- Origin: Lansing, Michigan, United States
- Genres: Deathcore, death metal, Christian metal, brutal death metal
- Years active: 2021-present
- Labels: Rottweiler (2022-2024), Currently Independent
- Members: Conner Luttig Jacob Kanclerz Shane Lewis Giulian Cardillo Jon James
- Past members: Eric Farnum Johnny Beriault Cody Kessler Matt Kunkel Ernie Colwell Dominic Cardillo
- Website: vmdeath.com

= Voluntary Mortification =

American deathcore act

Voluntary Mortification is an American Christian deathcore band based in Lansing, Michigan, known for their "Catholic death metal" sound. The band's name came from "one of the core principles of Christian living: to voluntarily deny yourself on a daily basis, modeled after Christ and His example, is the path to redemption and salvation" and "the path of mortification, and the journey of life in general" which involves the "universal concept of suffering". It is not related to Christian death metal forerunners Mortification as none of the members had heard of the band previously.

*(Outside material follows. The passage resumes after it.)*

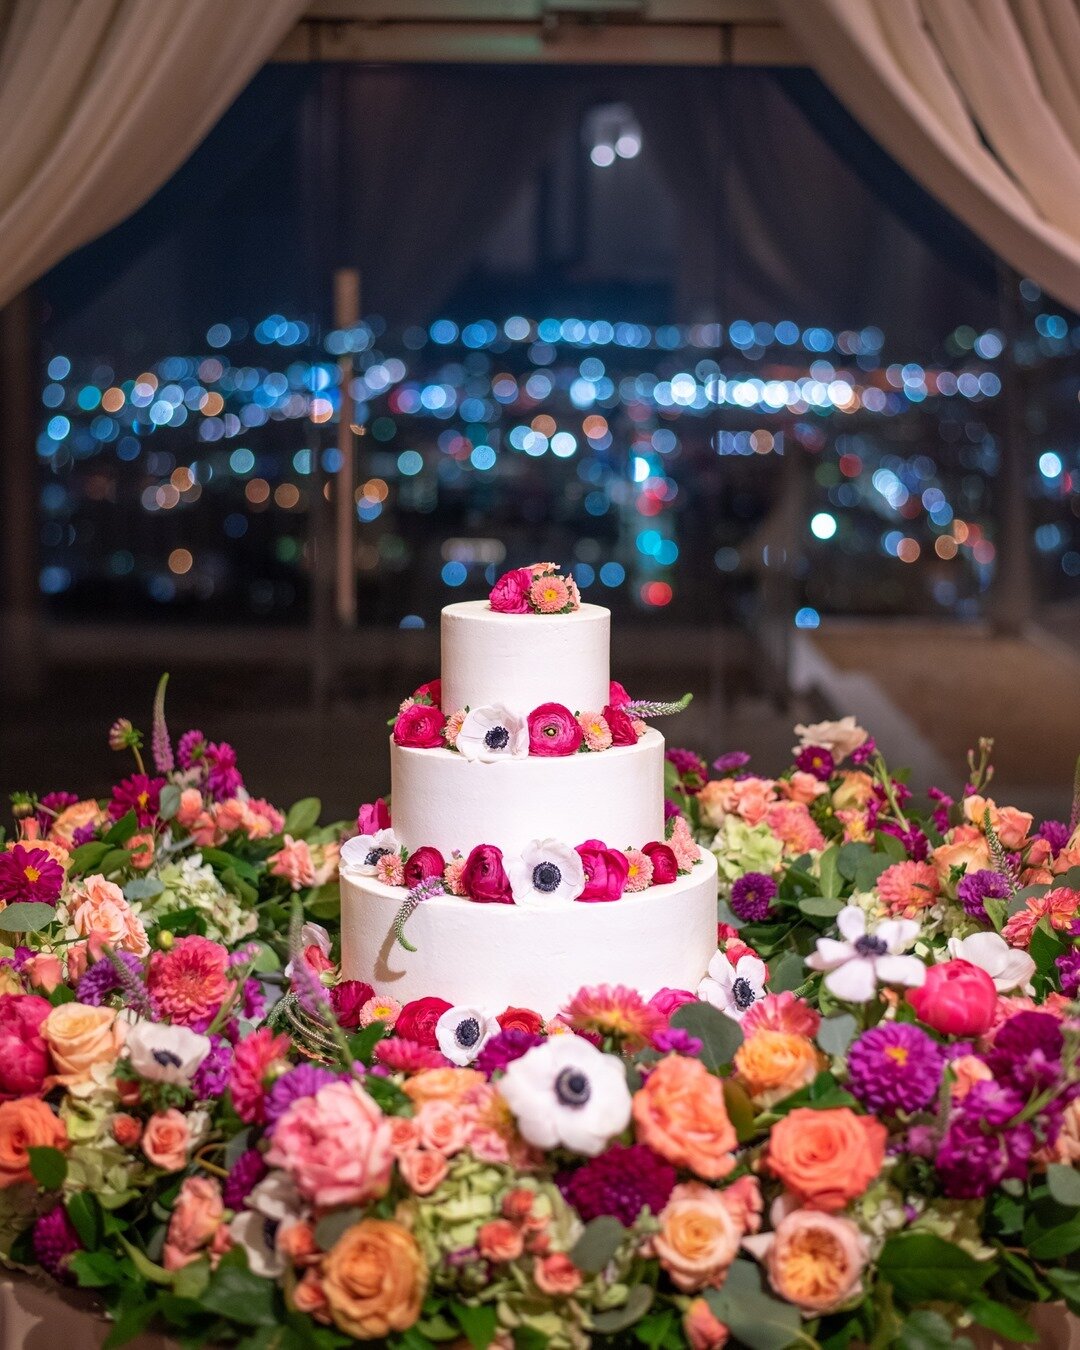 That view. That cake. Those flowers.  #flowerpower#flowerlovers #flowermagic #wedding #flowers #weddingflowers #callmarigold #dontwaitocelebrate #marigoldwedding

Voluntary Mortification released their debut album Suffer to Rise on July 22, 2022, via Rottweiler Records. In late 2023, the band hired a new drummer, Giulian Cardillo, and his father Dominic on bass, who later became their sound technician when replaced by Jon James. A new single "Death Cult" was released on January 24, 2025. Per their social media pages, they are releasing EP Mortem Cultus on 9/26/2025.

==Musical style and influences==
Voluntary Mortification and its material have been described as deathcore, death metal, Christian metal, and brutal death metal.

== Members ==

Current
- Conner Luttig – vocals (2021–present)
- Jacob Kanclerz – rhythm guitar (2021–present)
- Giulian Cardillo – drums (2023–present)
- Shane Lewis - lead guitar (2024–present)
- Jon James - bass (2024–present)

Former
- Eric Farnum – bass (2021–2023)
- Johnny Beriault – drums (2021–2023)
- Cody Kessler - guitar (2023)
- Matt Kunkel - guitar (2021-2023)
- Ernie Colwell - bass, guitar (2023-2024)
- Dominic Cardillo (2024) - Currently is the band's sound technician.